Freer Word-Order Languages
Conjecture: Freer Word-Order (FWO) languages are the languages for which there is no known phrase structure grammar in which the rules:
• are context-independent,
• are semantically “transparent,” and
• tightly couple grammatical function assignment with linear constituent order.

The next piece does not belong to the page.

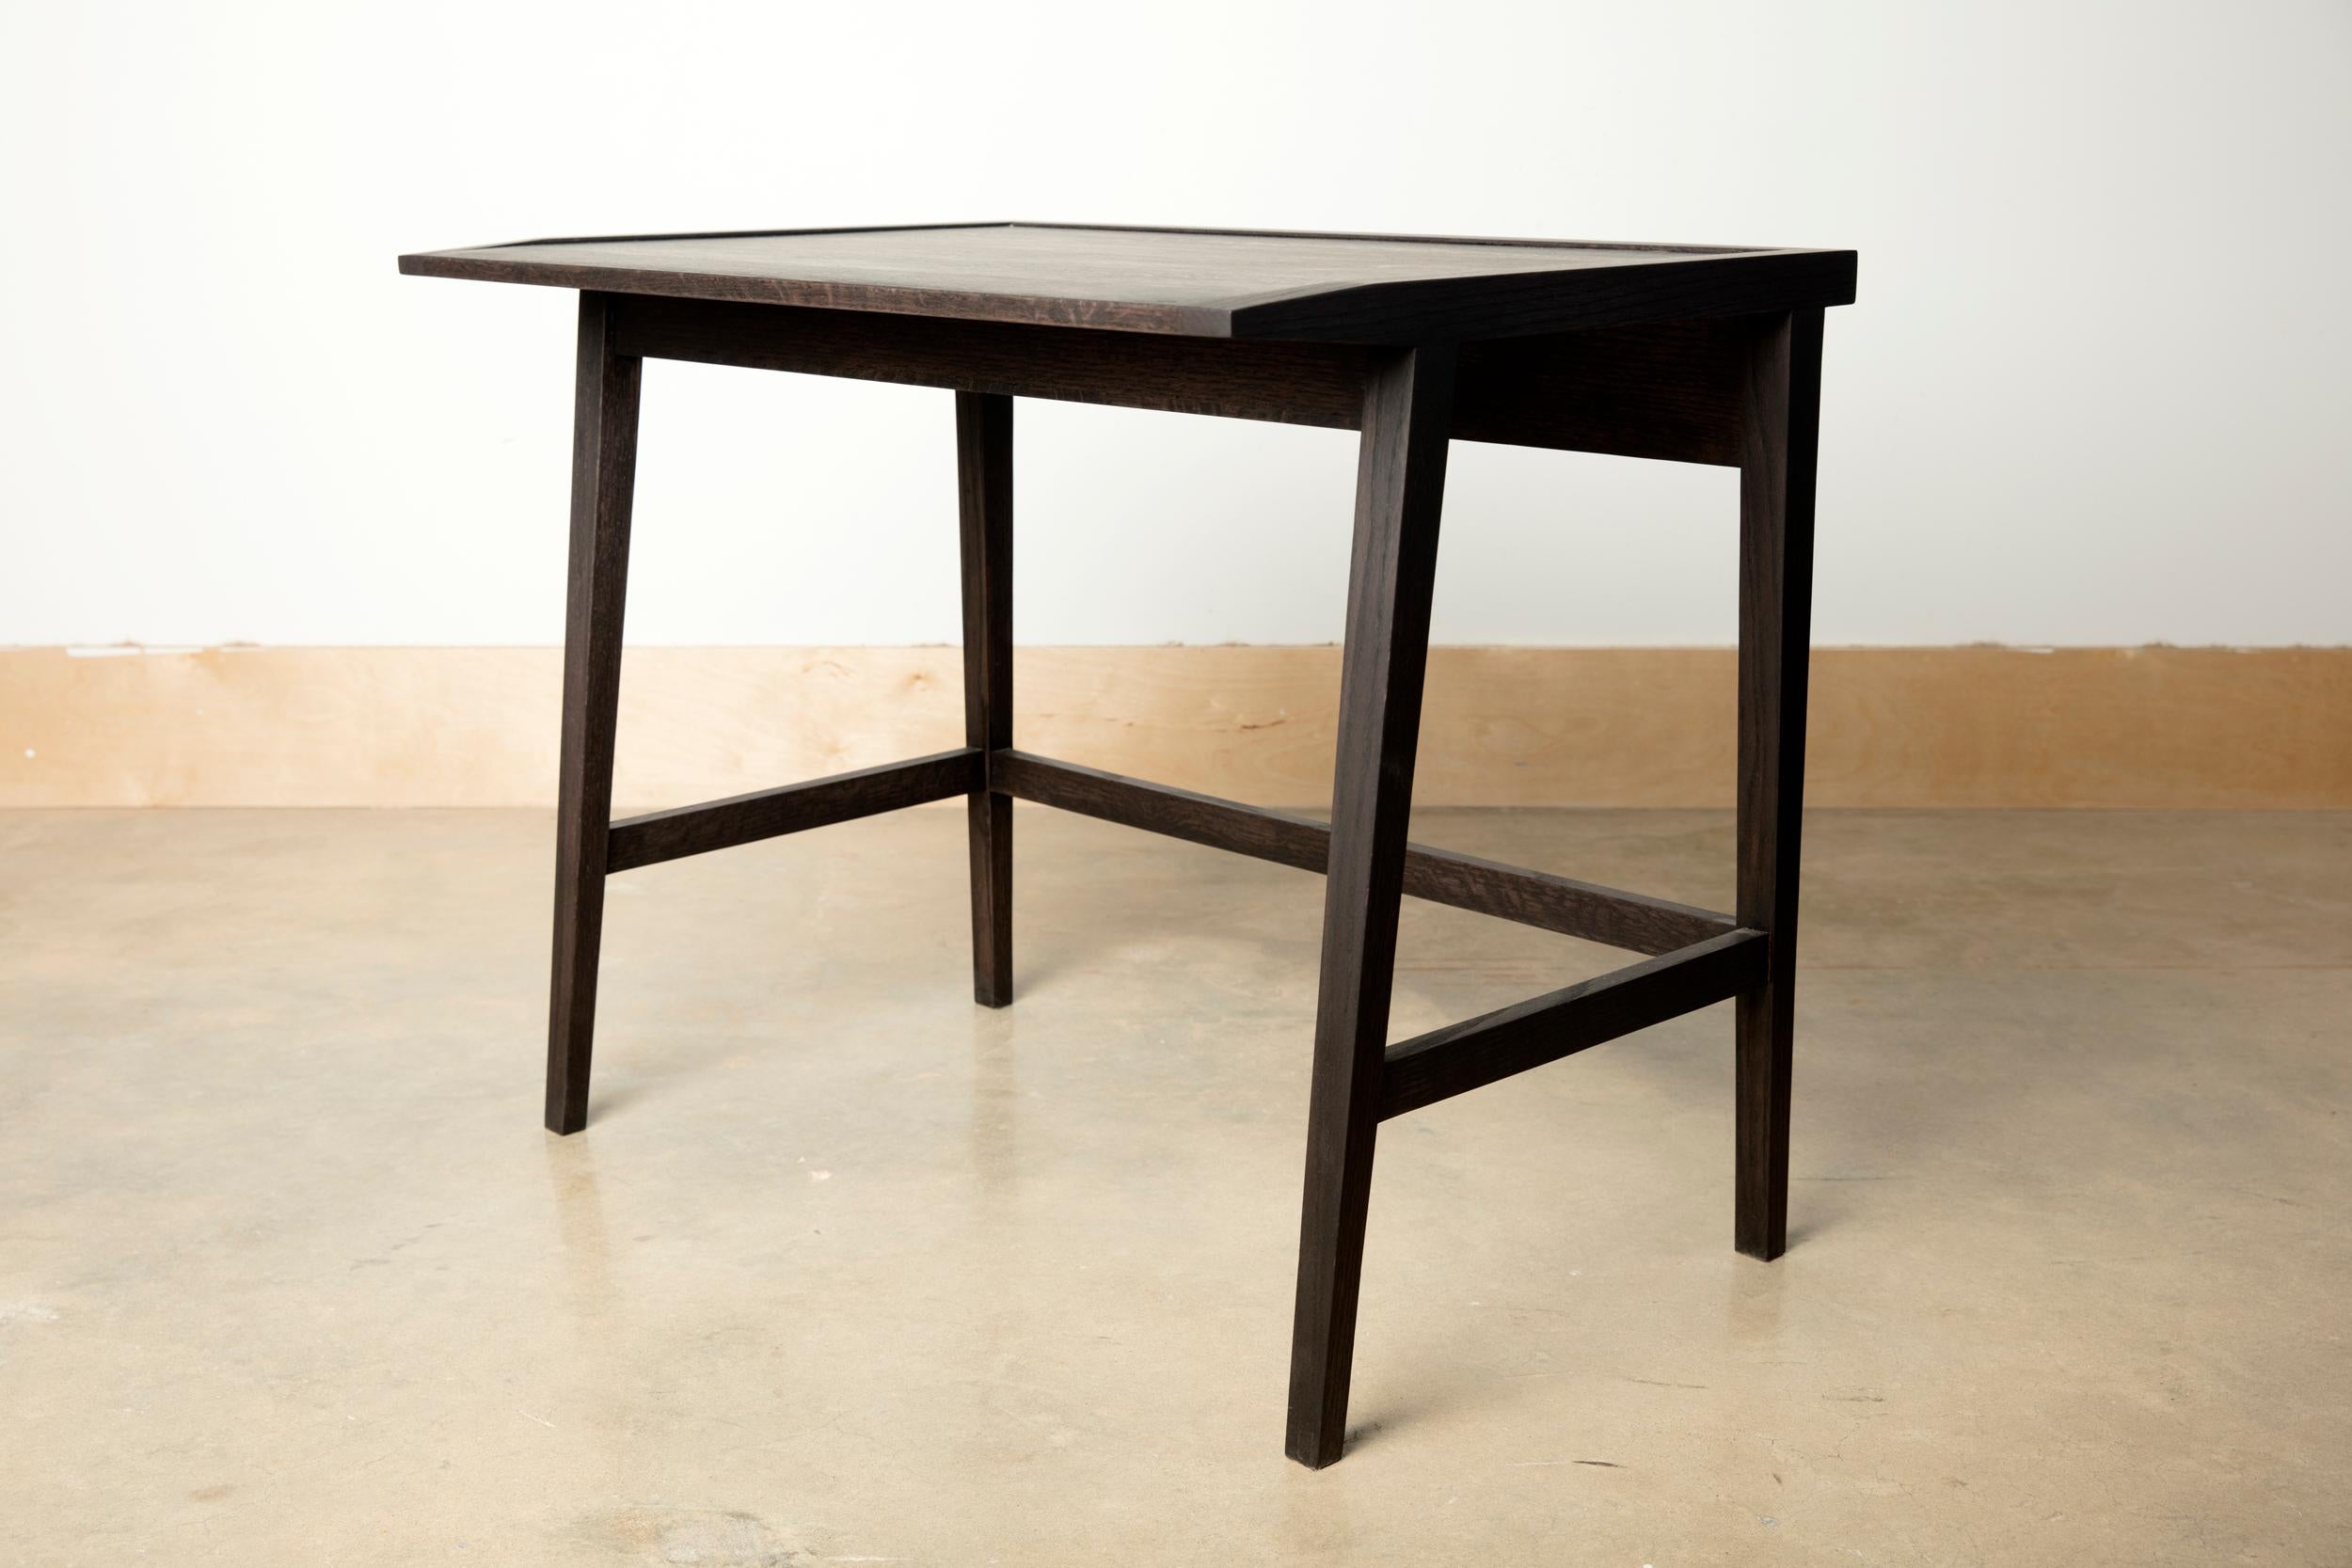 We handcraft this Classic blackened oakwood writing desk and chair set with hardwoods from Birmingham's urban forest. For your home office, computer desk or a place to work from home, comfortable and focused, on a novel or a grocery list. Urban

We’d like to use standard chart parsers with FWO grammars, but then either:
• we must exponentially expand their rule systems into a classical context-independent rewriting system [Barton et al., 1987], or
• we must generalize the assumption that edges are characterizable by a left node, right node and category triple (contiguous subspans).
3

Freer Word-Order Languages
Conjecture: Freer Word-Order (FWO) languages are the languages for which there is no known phrase structure grammar in which the rules:
• are context-independent,
• are semantically “transparent,” and • tightly couple grammatical . . .

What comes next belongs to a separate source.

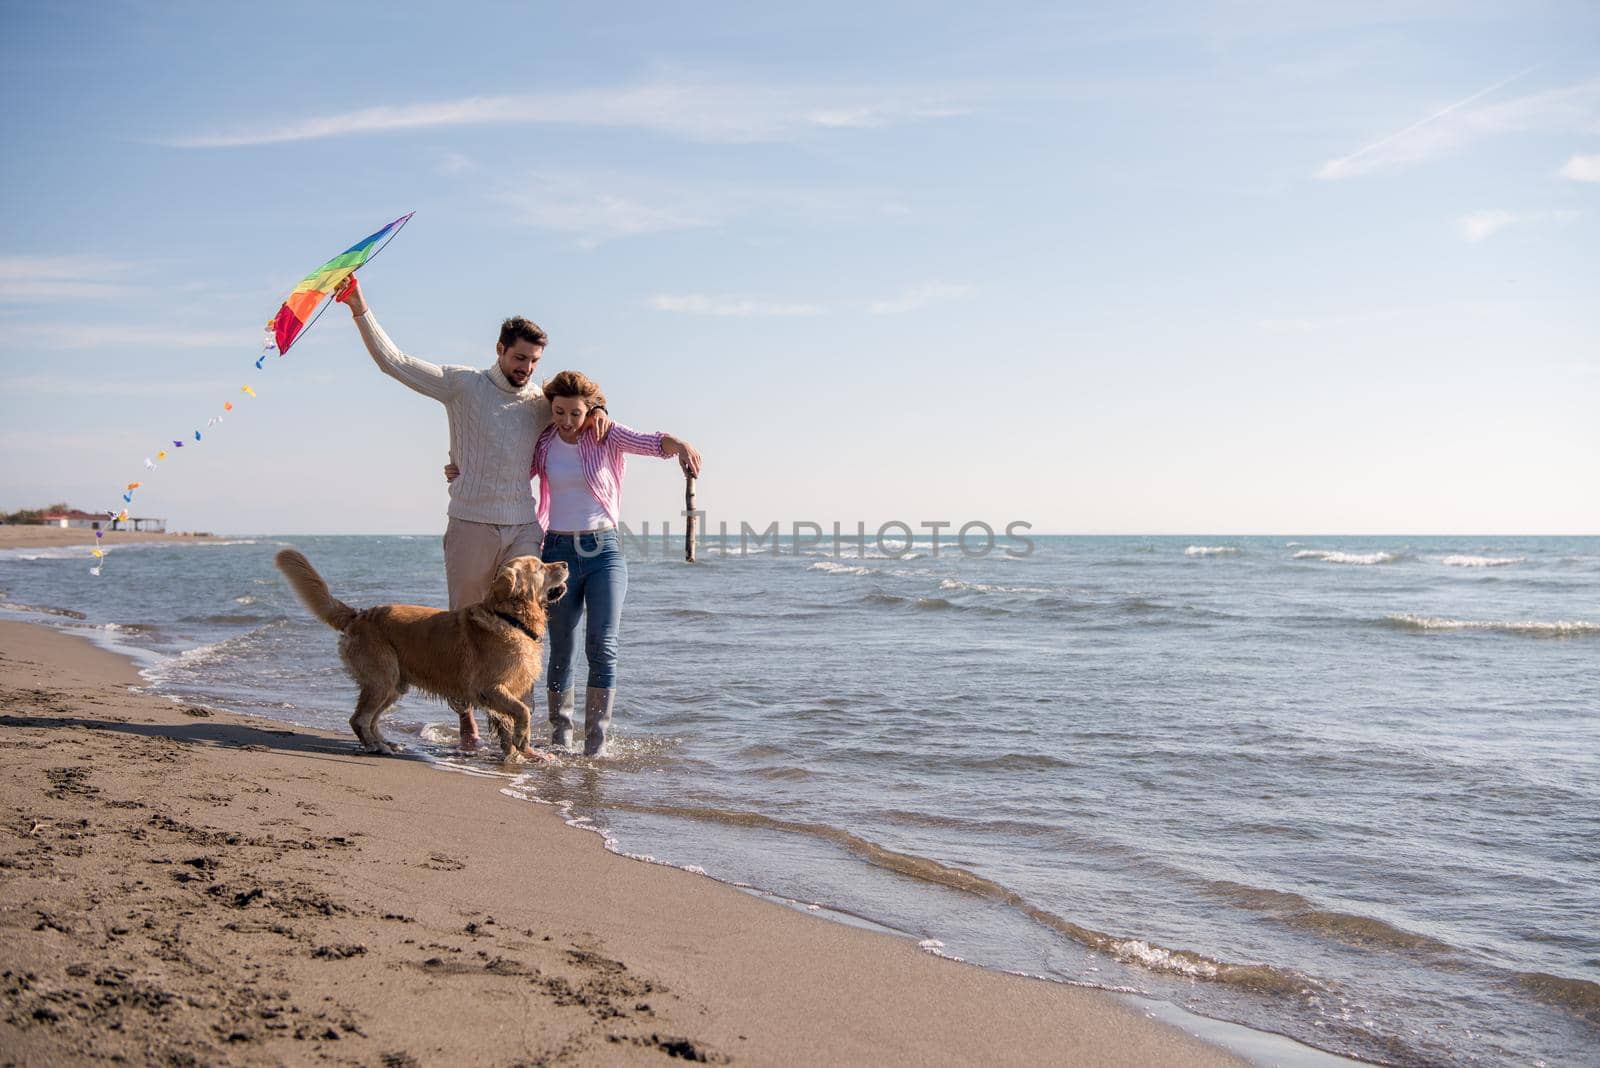 Young Couple having fun playing with a dog and Kite on the beach at autumn day

We’d like to use standard chart parsers with FWO grammars, but then either:
• we must exponentially expand . . .
• we must generalize the assumption that edges are characterizable by a left node, right node and category triple (contiguous subspans).
4

Generalizing Parsing State
Use input-length bit vectors [Johnson, 1985; Reape, 1991; et al.] plus categories in edges . . .

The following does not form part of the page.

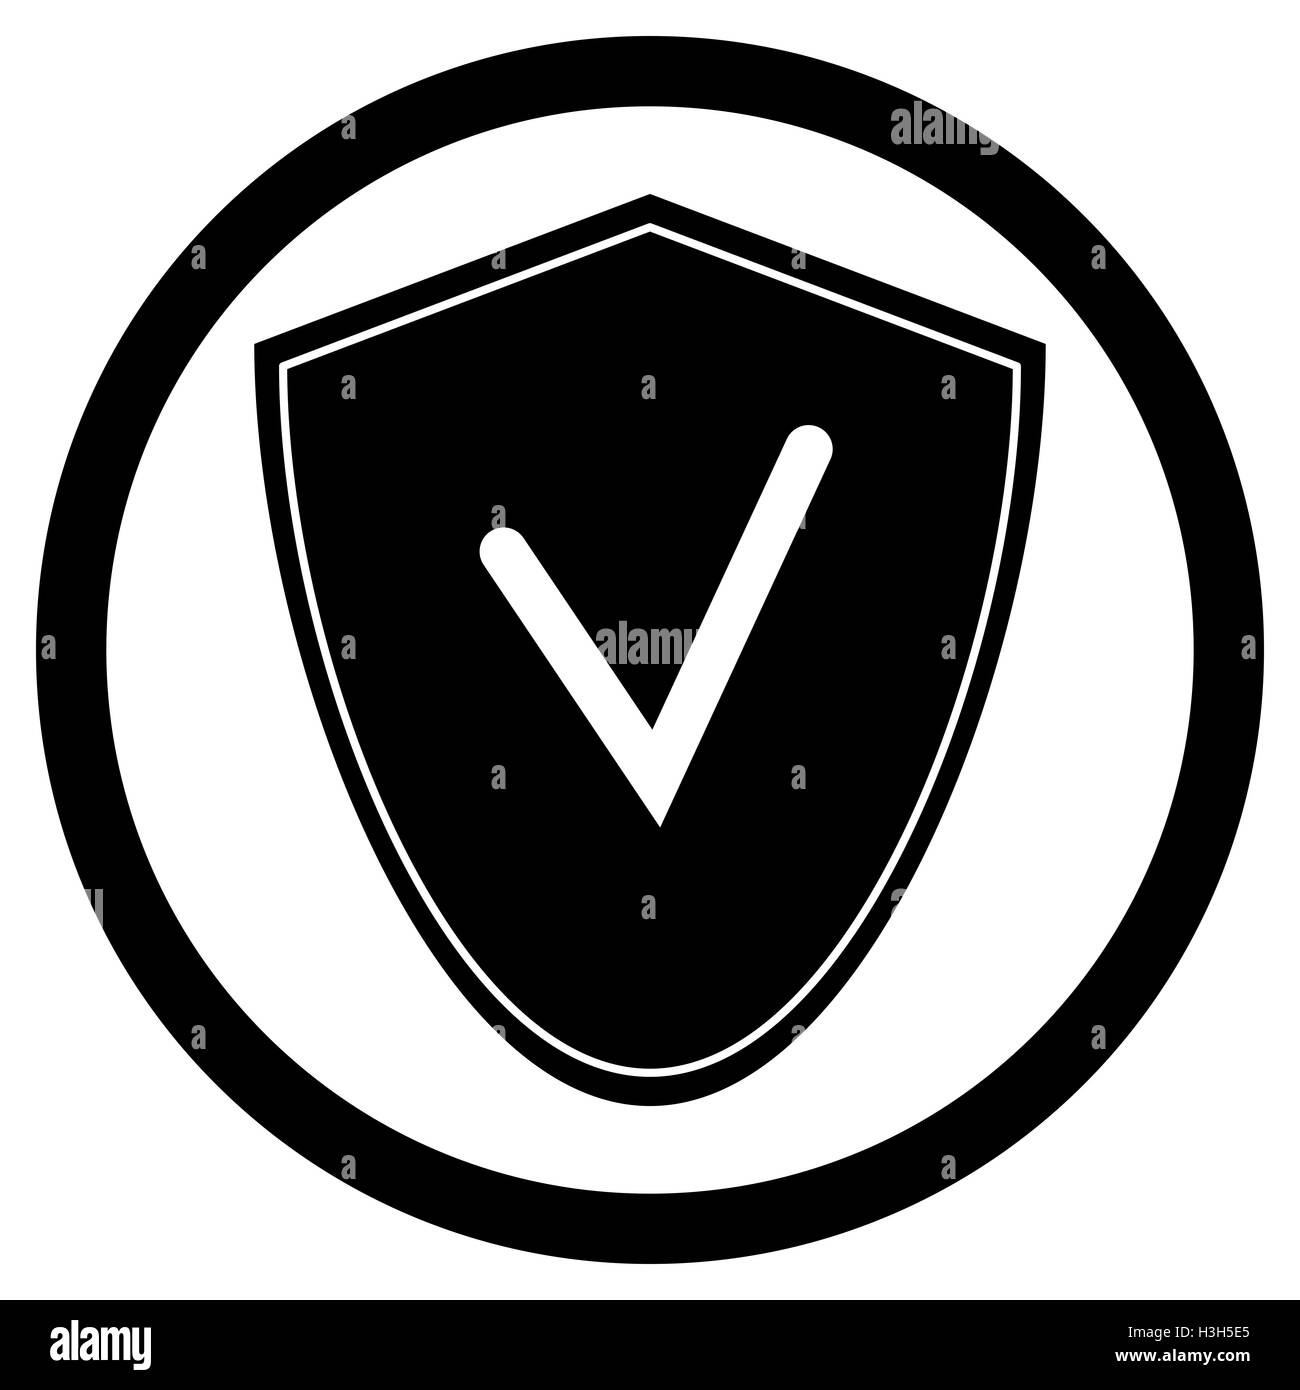 Antivirus icon shield. Shield logo and security icon, protection icons, Vector illustration Stock Photo

. . . but this isn’t even half of the story:
1. danger of na ̈ıvely searching through 2n states in a purely bottom-up approach:
• no goal-directedness,
• linear precedence constraints (<) can help, but almost without exception their scopes are: – not purely existential, e.g.: ∀X.∀Y.Y < X – not clearly bounded, e.g.: all Y in the current NP, all Y in the current clause, etc. – not linearly projective, e.g.: NP 1, and
3. N = N0.
• (Subsequent Prediction) • (Completion)
9

Edge Prediction
Using this distinction, the prediction steps are then (assuming no LP constraints, for simplicity):
• (Initial Prediction)
• (Subsequent Prediction) ⟨N, C, R⟩ =⇒ ⟨Nj+1, Cj, φ⟩
where:
1. N0 → N1 . . . Nk,
2. N = N0,
3. ⟨N1, C, φ⟩ succeeded with U1, .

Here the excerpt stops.